So that the copy stays text only, transcribe the data below exactly and exclude the images.

SOURCE MATERIAL
== == ==

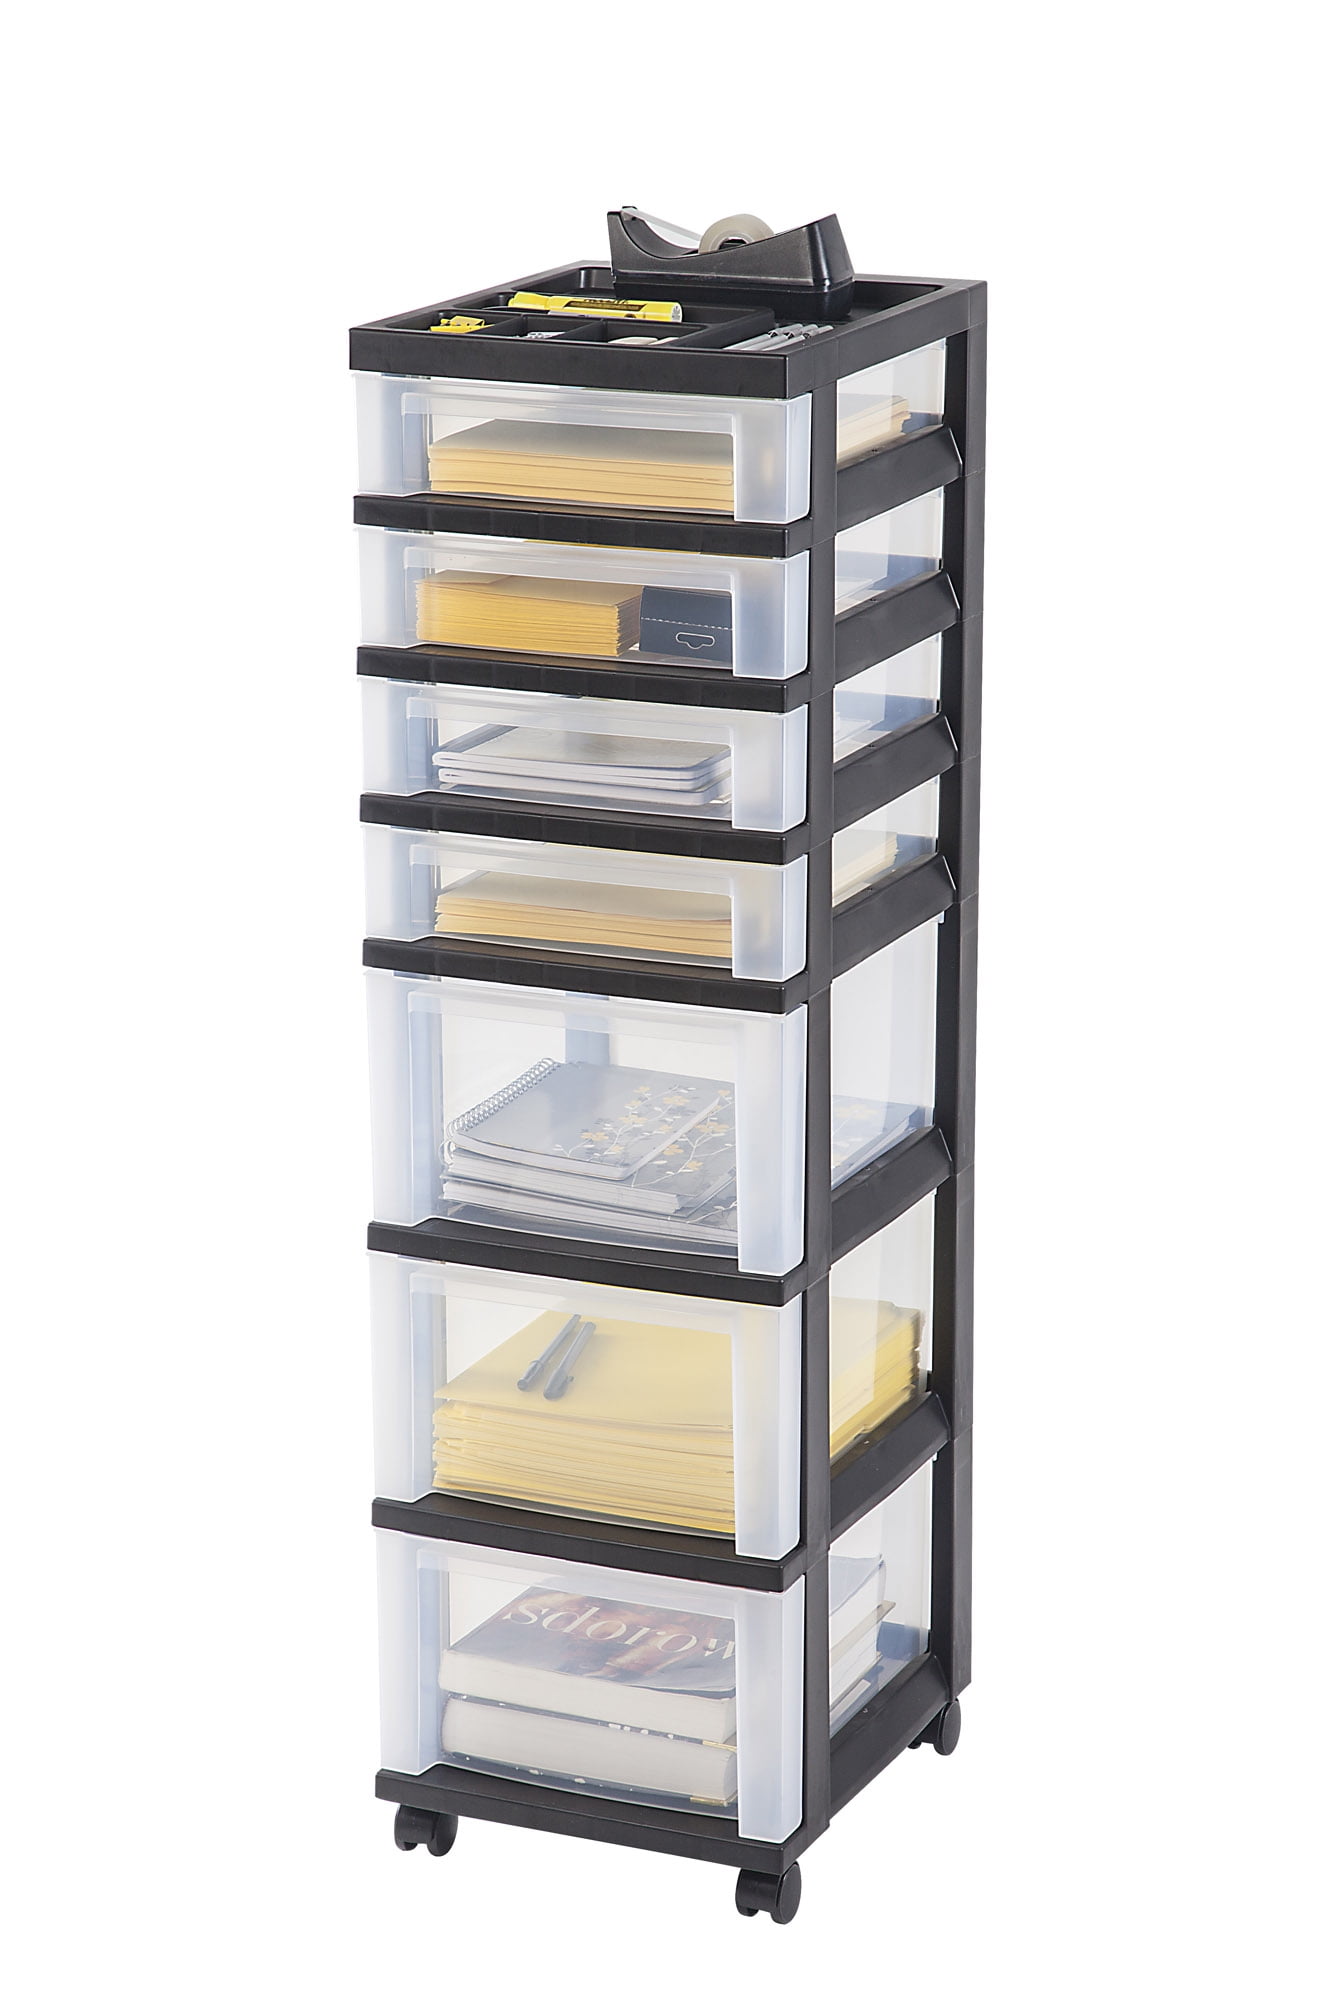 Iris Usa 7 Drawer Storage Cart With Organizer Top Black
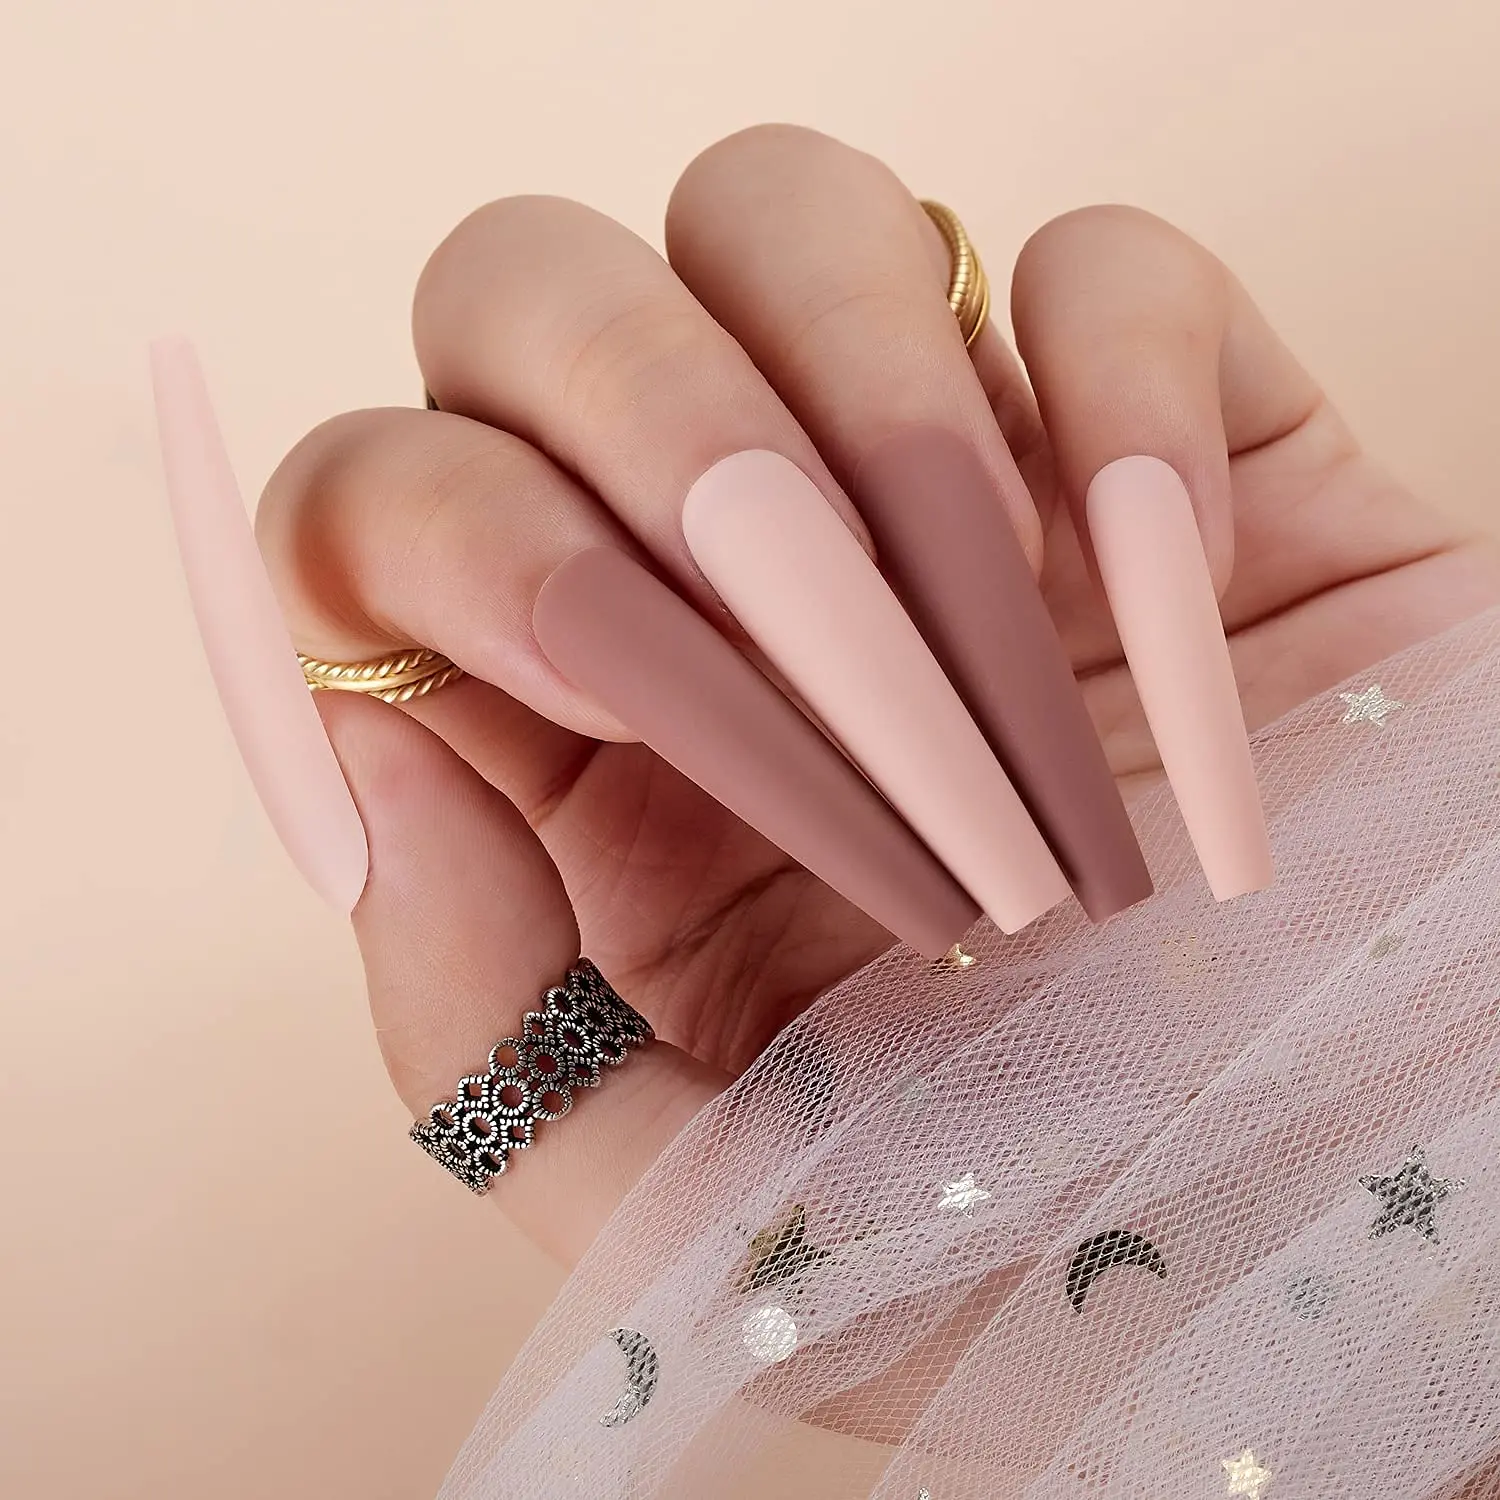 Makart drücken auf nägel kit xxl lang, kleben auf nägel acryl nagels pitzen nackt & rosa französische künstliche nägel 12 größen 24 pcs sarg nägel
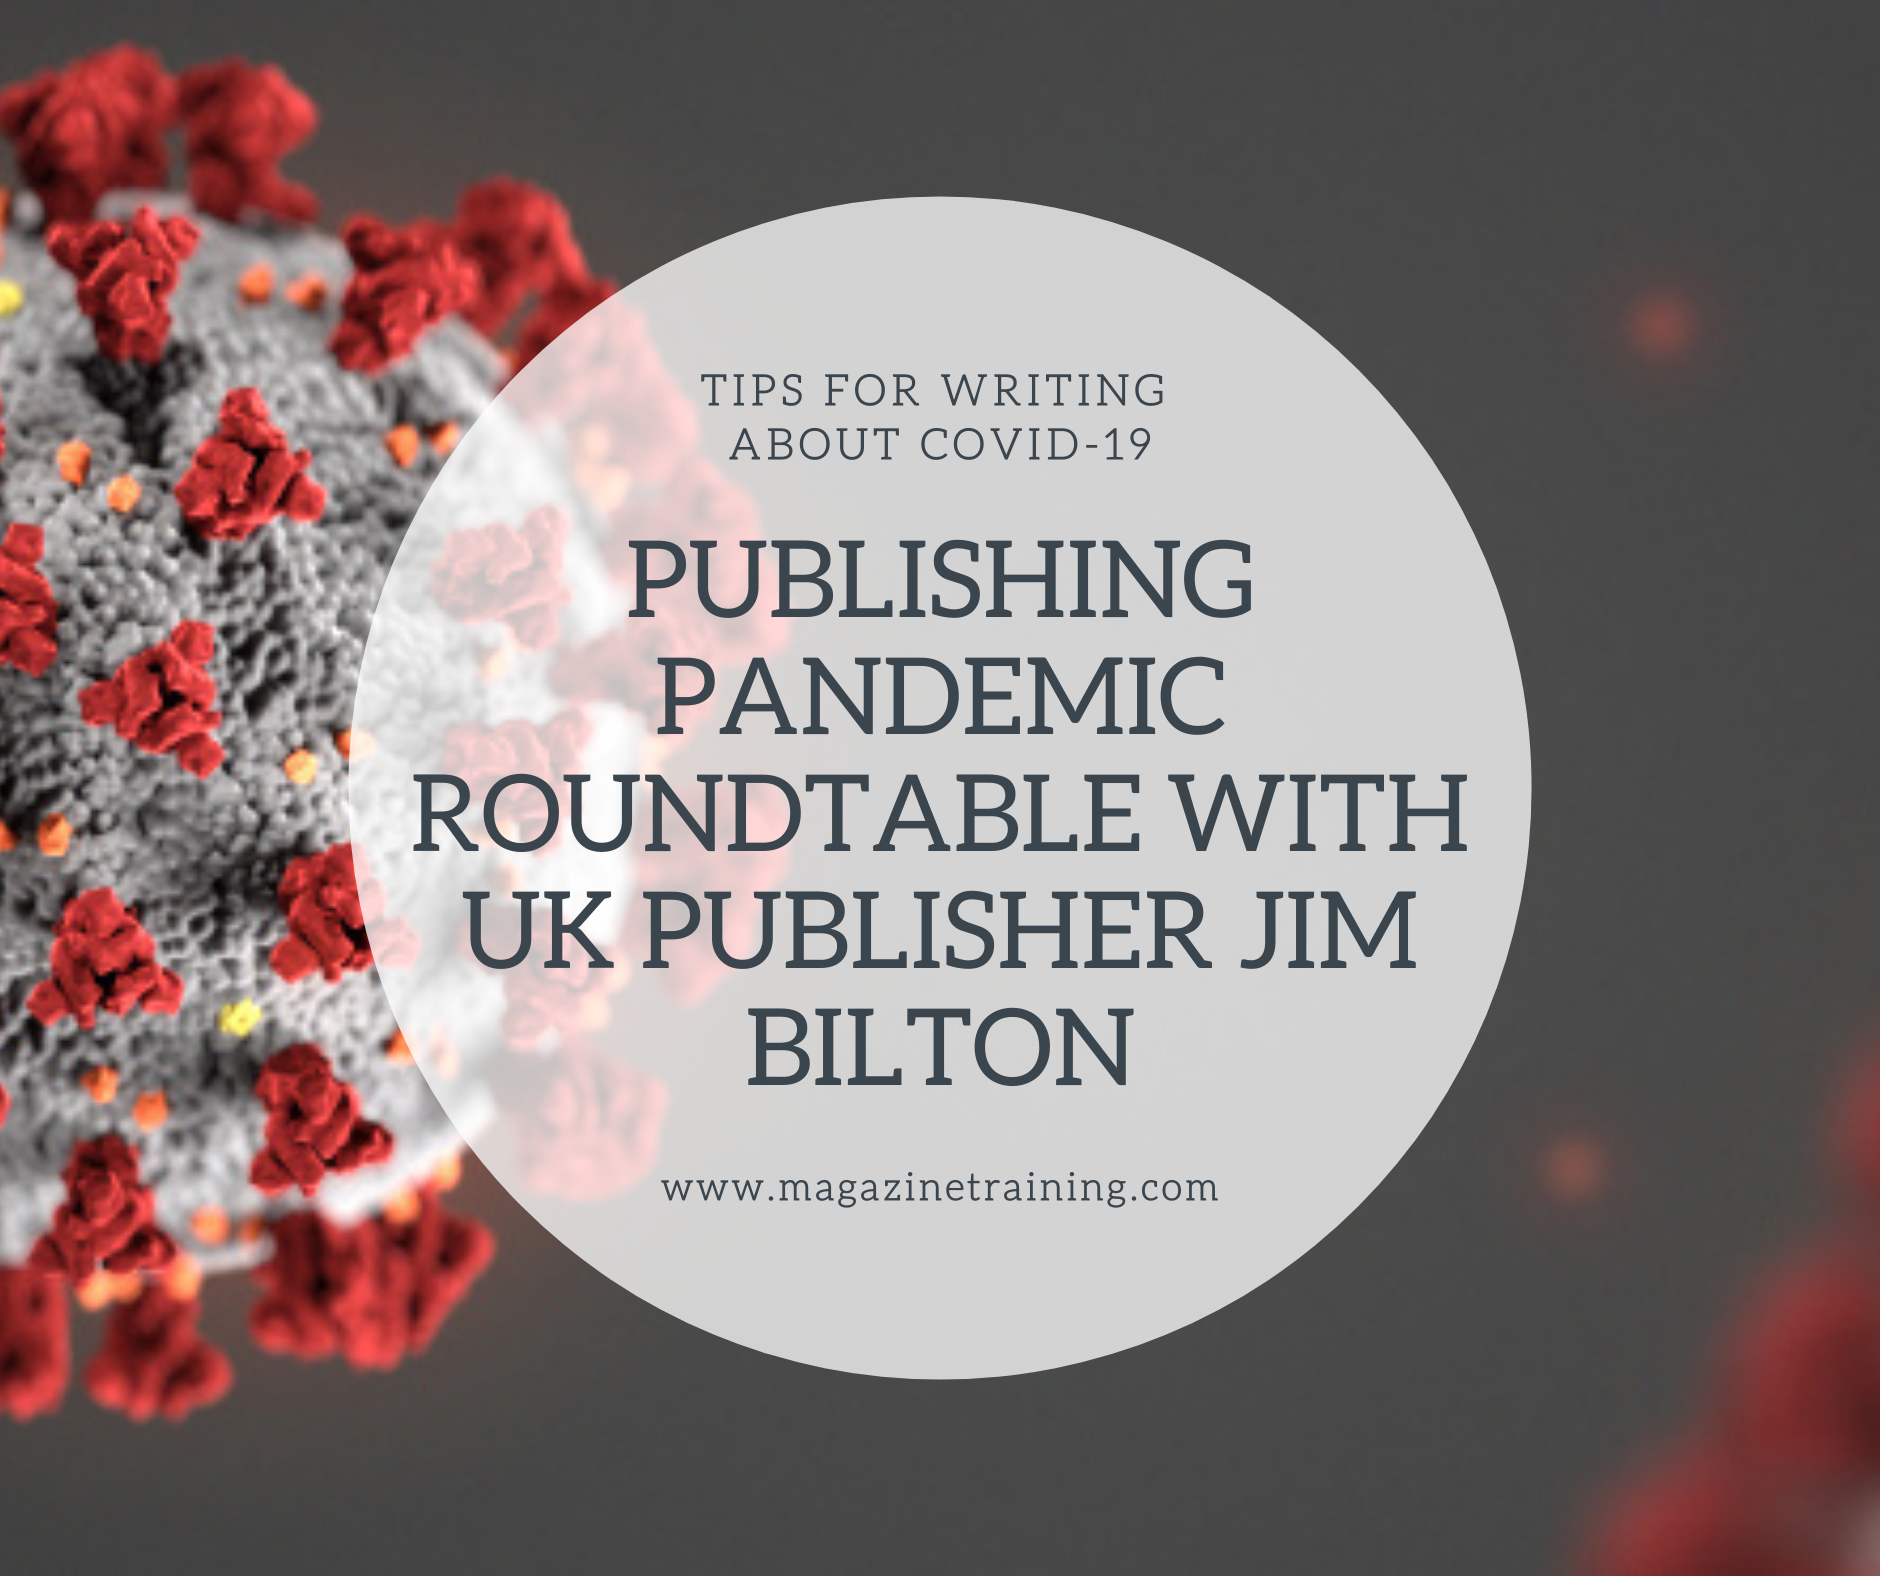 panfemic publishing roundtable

== == ==

TASK SOLUTION
 Iris Usa 7 Drawer Storage Cart With Organizer Top Black
 Makart drücken auf nägel kit xxl lang, kleben auf nägel acryl nagels pitzen nackt & rosa französische künstliche nägel 12 größen 24 pcs sarg nägel
 panfemic publishing roundtable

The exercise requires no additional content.